I’m getting used to my million trips to the bathroom. I still despise the random stomach cramps. They attack at the worst times. I feel like pooping is the only way this teatox can actually give someone a flatter belly. What’s going to happen when I finish? I guess this is how teatox companies make money. They make their customers dependent on the laxative so they just keep buying and buying. You tricky companies, you.

Day 6 – Wednesday

Home stretch. It’s almost over. This morning, I notice my stomach is a lot flatter than it usually is. I’m actually pretty impressed. All the bloating went away. I feel like a new woman! Where are my angel wings, Victoria’s Secret?
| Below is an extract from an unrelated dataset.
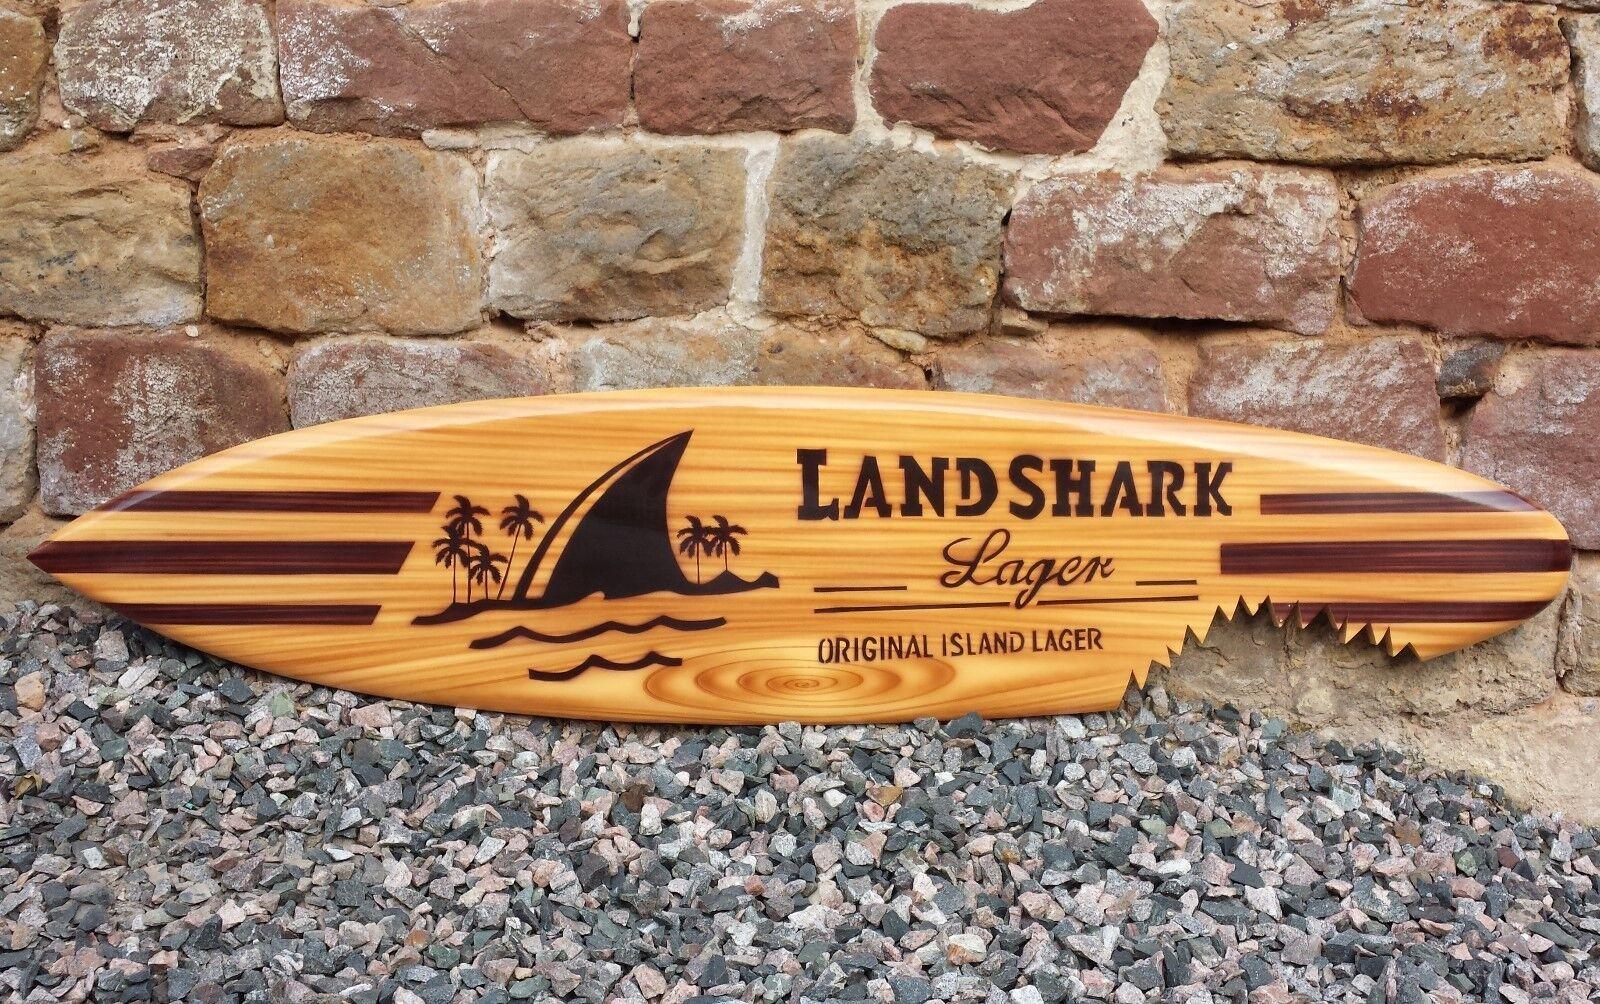 SU160-N10 (du)  Deko Surfboard Surfbrett Surfbrett Surfbrett 160 cm Surfbretter Dekosurfboard Board    | Fein Verarbeitet  | Ruf zuerst  | Abgabepreis  332c52

Although, I’m not very impressed that all my farts and poops stink really bad. It has come to the point where I get really embarrassed to go to the bathroom because all the girls on my floor are going to know it’s me. When I poop, I try to go as fast as I can and flush it goodbye. The slightest fart is so deadly. I sincerely apologize to my roommate, boyfriend, and whoever had the unfortunate circumstance to smell my farts.

Day 7 –  Thursday

Well today is the last day and I decide to celebrate with some soda. Yes, it is counterproductive, but I cut out soda during this teatox in an attempt to be healthier while detoxifying my body.


It’s the last day and I expected to at least become a tea enthusiast. I did not achieve that goal. Since I can’t really measure the toxicity of my body, I’m not exactly sure if I’m actually detoxified now. Even though my belly is actually flatter, it’s going to go away after I get off of this teatox. All I really got out of this was a lot of trips to the bathroom, painful stomach cramps, and smelly farts and poop.

I don’t recommend it. It did gave me a flatter stomach but it’s not permanent. Unless you’re looking for a quick fix that will make all of your bodily functions smell putrid, I say just stick to working out and eating healthy.